EXERCISE INPUT>
[Start of section]

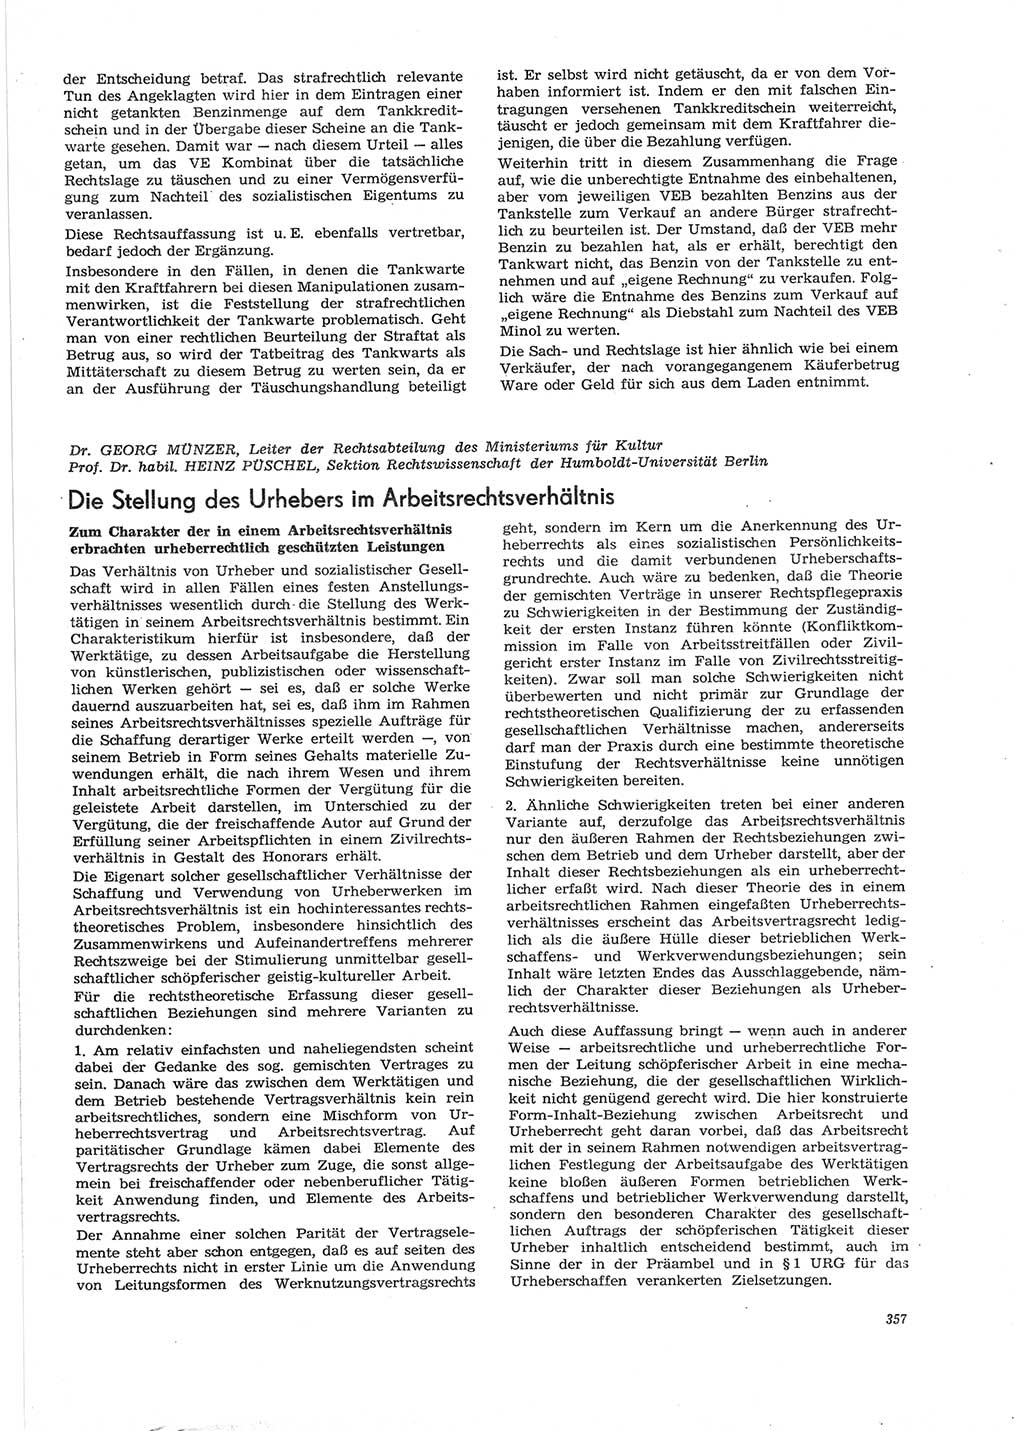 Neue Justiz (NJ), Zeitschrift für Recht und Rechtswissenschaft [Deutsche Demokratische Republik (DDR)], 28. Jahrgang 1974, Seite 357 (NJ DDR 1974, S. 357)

[End of section]
[Start of section]

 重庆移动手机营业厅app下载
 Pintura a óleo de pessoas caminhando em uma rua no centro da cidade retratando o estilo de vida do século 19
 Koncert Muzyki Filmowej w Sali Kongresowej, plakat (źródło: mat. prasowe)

[End of section]

WORK ORDER> Everything above from the line containing "重庆移动手机营业厅app下载" down to the line containing "Koncert Muzyki Filmowej" is to be transcribed exactly, with both of those lines included and nothing else added.

TASK RESPONSE>
 重庆移动手机营业厅app下载
 Pintura a óleo de pessoas caminhando em uma rua no centro da cidade retratando o estilo de vida do século 19
 Koncert Muzyki Filmowej w Sali Kongresowej, plakat (źródło: mat. prasowe)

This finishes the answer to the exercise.